Не как факт, не как строчку из учебника — их давно не печатают, — а кожей. Плечами, на которых когда-то шелушился загар. Глазами, которые щурились, даже когда я просто выходил за утренней газетой. Помню, как Анна ругала меня за то, что я забываю надеть Эмили панамку, и как пах разогретый асфальт после короткого июльского ливня.
Теперь это звучит как легенда. Дети, рождённые после Смещения, не верят нам. Они слушают, конечно, но в их глазах тот же вежливый взгляд, с каким мы когда-то слушали рассказы о войне от стариков, которым самим едва ли было за сорок. Для них Солнце — это миф. Что-то вроде Атлантиды или Эдема. Место, куда нельзя вернуться, а значит, незачем и помнить.
Но я помню.
Я помню то утро, когда всё случилось. Не было ни взрыва, ни трубящего архангела, ни огненного дождя — ничего из того, что обещали нам священники и режиссёры-катастрофисты. Земля просто... вздрогнула. Едва заметно. Как поезд, который переходит на соседний путь. Анна не проснулась. Эмили перевернулась на другой бок, причмокнула губами во сне. А я стоял у окна с кружкой растворимого кофе и смотрел, как свет медленно, почти неохотно, начинает убывать. Не гаснуть. Именно убывать — словно кто-то прикрывал небесную диафрагму.
Сначала мы думали — облака. Потом — затмение. Потом — что угодно, кроме правды, потому что правда была слишком велика, чтобы уместиться в человеческом сознании за одно утро. Орбита изменилась. Планета сошла со своего миллиардолетнего пути, как сходят с ума — тихо, без предупреждения, и никто не знал, почему. Никто не знает до сих пор.
Когда учёные — те, что ещё выходили в эфир, — перестали говорить «мы работаем над решением» и начали говорить «мы не понимаем природу явления», вот тогда закончилась первая эпоха. Эпоха До. И началась вторая — та, которую позже назовут Затмением.
Я много думал о словах. О том, как мы их выбираем. «Затмение» — звучит почти красиво, правда? Что-то временное. Что-то, что обязательно проходит. Луна закрывает Солнце на минуту, на две, и вот уже край вспыхивает бриллиантовым кольцом, и всё возвращается.

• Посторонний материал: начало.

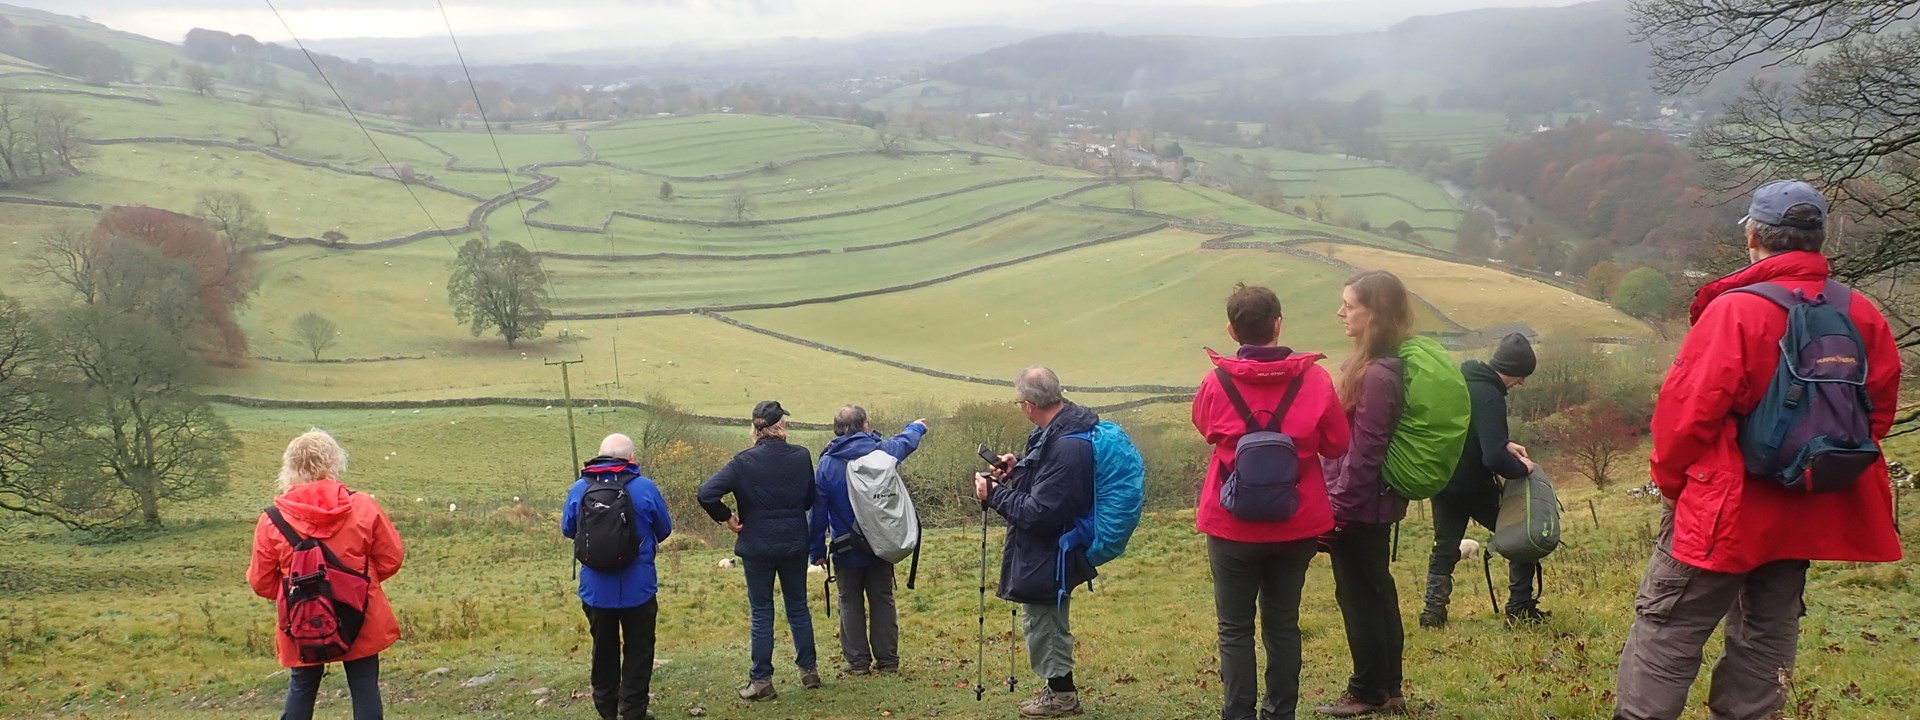 Walkers view the Yorkshire Dales

Но это не такое затмение. Это затмение навсегда.
Солнце никуда не делось. Оно всё ещё там — бледный кружок, который можно разглядеть в телескоп, если у вас есть телескоп и если небо достаточно чистое. Но его свет почти не достигает нас. Он рассеивается где-то по дороге, как письмо, которое не дошло до адресата. Мы видим звезду, но не чувствуем её.
В первую зиму, — а зима теперь всегда, просто мы различаем «холодный сезон» и «очень холодный сезон», — в первую зиму вымерзло всё. Пшеница. Леса. Птицы. Кошки и собаки, которых не успели взять в дома. А потом начали вымерзать люди. Не все сразу — человеческий организм оказался выносливее, чем мы думали, — но достаточно, чтобы города опустели на треть, потом наполовину, потом почти полностью.

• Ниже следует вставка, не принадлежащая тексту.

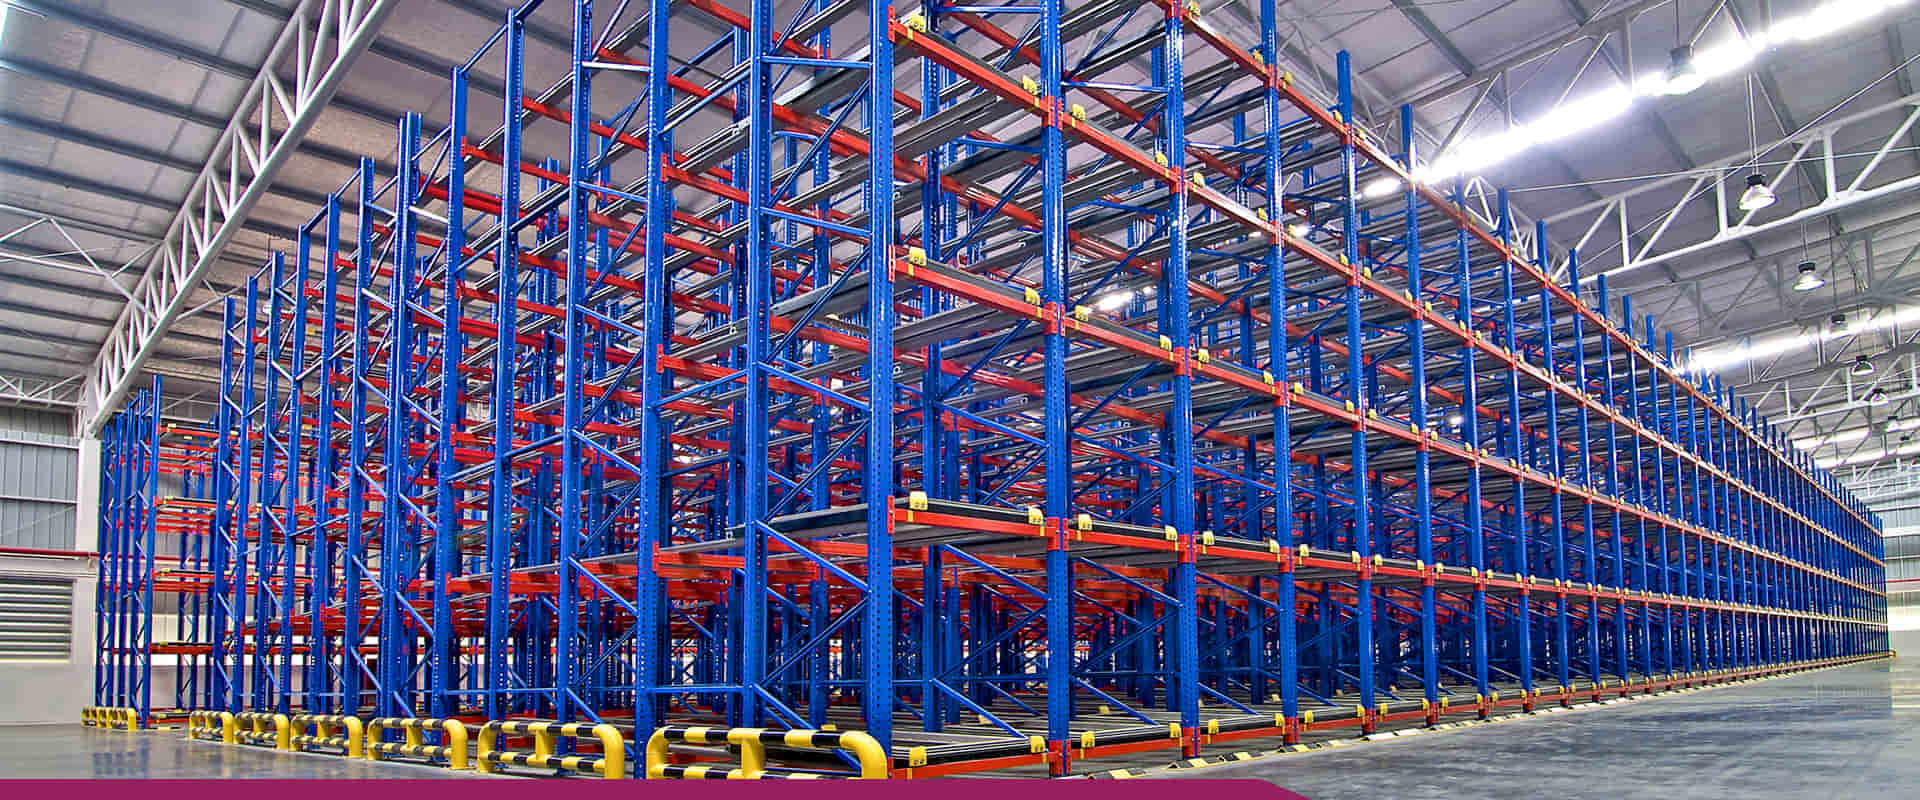 India’s Top Warehouse And Industrial Storage Racks Manufacturer In Udaipur

И вот тогда проявилась странная особенность нашего вида. Осознав, что спасать уже некого и нечего — ни детей, ни будущего, ни самой идеи завтрашнего дня, — люди отбросили свои оковы. Закон оказался совершенно не нужен. Не потому, что кто-то отменил его декретом, а потому, что он перестал работать. Как часы, у которых кончился завод. Когда нет завтра, нет и ответственности перед завтрашним днём. Нет наказания, которое было бы страшнее того, что и так наступит.
Началась эпоха Затмения… не в астрономическом смысле, а больше в фиолосовском. Эпоха, в которой единственной валютой стало забвение людей.

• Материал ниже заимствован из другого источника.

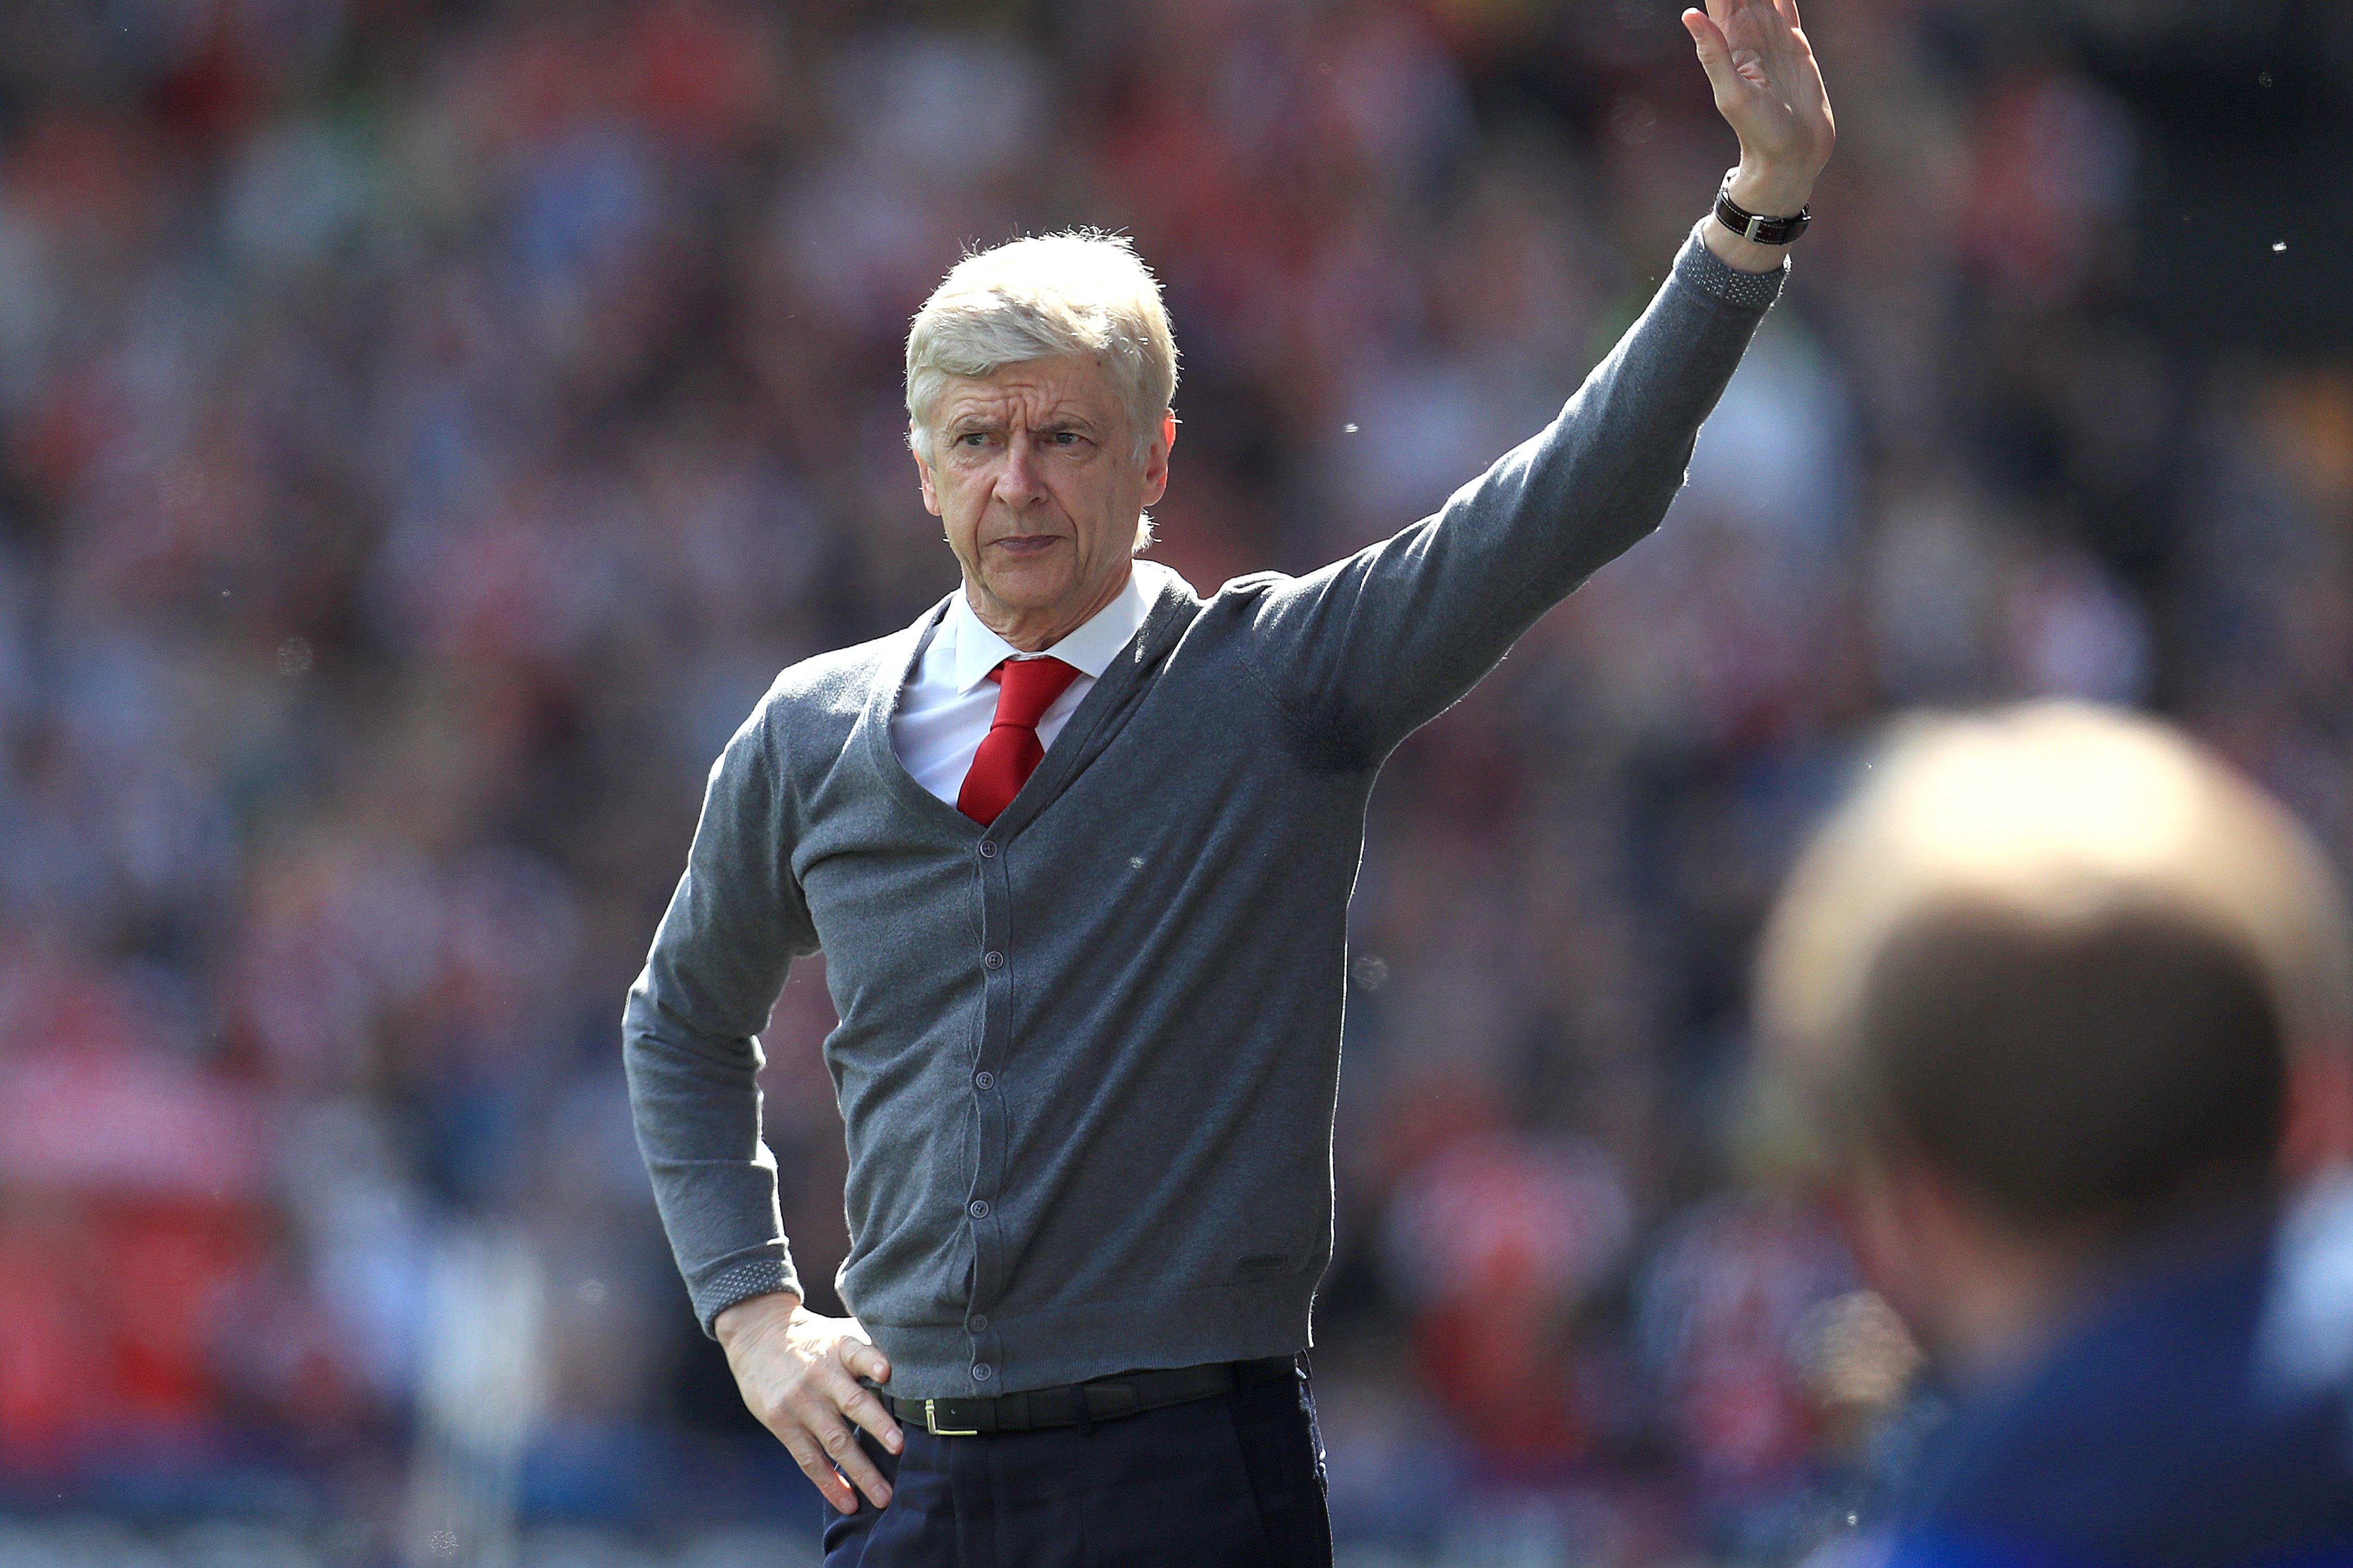 Arsene Wenger’s match in the Arsenal hotseat was at Huddersfield (Mike Egerton/PA)

И тогда же появились они. Те, кого я теперь выслеживаю. Распространители запретного счастья, организаторы прощальных вечеринок — называйте как хотите. Они не убивают. Формально. Они просто предлагают людям то, чего те и сами ищут: лёгкую смерть, обёрнутую в красивую бумагу. Препараты, которые дают последние несколько часов эйфории. Или один час — в зависимости от дозы и кошелька. Запах весны. Вкус яблока с дерева, а не из консервной банки. Ощущение солнечного тепла на лице.
Говорят, что это милосердно. Говорят, что в мире, где всё равно все умрут, дать человеку уйти счастливым — не преступление, а услуга.
Я так не считаю.
Не потому, что я верю в мораль. Мораль — это тоже роскошь мёртвого мира. Не потому, что я верю в закон — я сам когда-то был законом и знаю ему цену. А потому, что я слишком хорошо помню, как выглядит жизнь. Настоящая. Не галлюцинация, не химическая грёза, не красивая обёртка. А жизнь — с её болью, страхом, потными ладонями, бессонными ночами и редкими, почти невыносимыми моментами счастья, которые невозможно воспроизвести в лаборатории.
Я помню, как Анна смеялась запрокидывая голову, совершенно не заботясь, как она выглядит со стороны. Я помню, как Эмили впервые поймала солнечного зайчика зеркальцем и побежала показывать мне: «Папа, смотри, я держу свет!» Никакая «Аврора», никакой синтетический рай не воспроизведут этого. Они могут дать только тень, только эхо — и этого эха достаточно, чтобы люди добровольно отдавали последнее, что у них есть.
Своё дыхание.
Поэтому я всё ещё здесь. Поэтому я всё ещё выхожу в рейды — один, иногда с молодыми, которые почему-то решили, что у меня есть чему поучиться. Я ловлю их — этих продавцов покоя. Не потому, что верю, что спасу мир. Мир уже не спасти. А потому, что я хочу, чтобы последний человек на этой замерзающей планете умер не в химическом забвении, а глядя в глаза тому, кто рядом. С болью. Со страхом. Но по-настоящему.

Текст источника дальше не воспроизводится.